Il existe aussi des centres commerciaux dans le centre-ville, comme la Galerie Reflet Compans, située en bordure de l’hypercentre. Elle vient d’être rachetée par le promoteur Pitch Promotion, qui entreprend sa rénovation.
 
Le centre-ville pèse 21 % du chiffre d’affaires de l’aire urbaine et recense 60 % de commerçants indépendants, ce qui constitue un score plutôt enviable. Pour Philippe Léon :  « ces petites surfaces commerciales sont un atout pour la ville car elles permettent de maintenir un commerce diversifié. On y voit des boutiques originales, que l’on ne trouve nulle part ailleurs »

En termes d’emplacement, c’est bien la rue d’Alsace-Lorraine, qui constitue l’artère numéro un, selon un comptage piéton, 35 000 personnes y passent par jour et 55 000 pendant les fêtes.

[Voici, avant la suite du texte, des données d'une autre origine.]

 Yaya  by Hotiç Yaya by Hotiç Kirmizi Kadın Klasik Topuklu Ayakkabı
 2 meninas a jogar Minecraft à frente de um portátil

Ensuite des thématiques sont recensées par quartier.

Autre particularité de Toulouse, elle est dénommée "la ville aux 1000 restaurants", ce qui en fait la commune de France, qui compte le grand nombre de restaurants par habitant. Elle est aussi surnommée " la ville aux 1000 agents immobiliers" ou encore "la ville aux 1000 avocats"…
Le taux de vacance est d’environ 5 % dans les quartiers, en revanche la situation est moins facile dans les quartiers.

Si la crise de 2008 n’a pas eu de répercussions négatives dans le centre-ville, depuis deux ans la situation est plus compliquée avec les travaux et le climat économique difficile. Les axes de circulation et de transports font l’objet d’un vaste plan de restructuration. Porté par l’urbaniste catalan Joan Busquets, il a pour objectif  de fluidifier la circulation et de faire place aux piétons. De façon plus générale, ce projet  prévoit un aménagement global du centre-ville dans les cinq années à venir.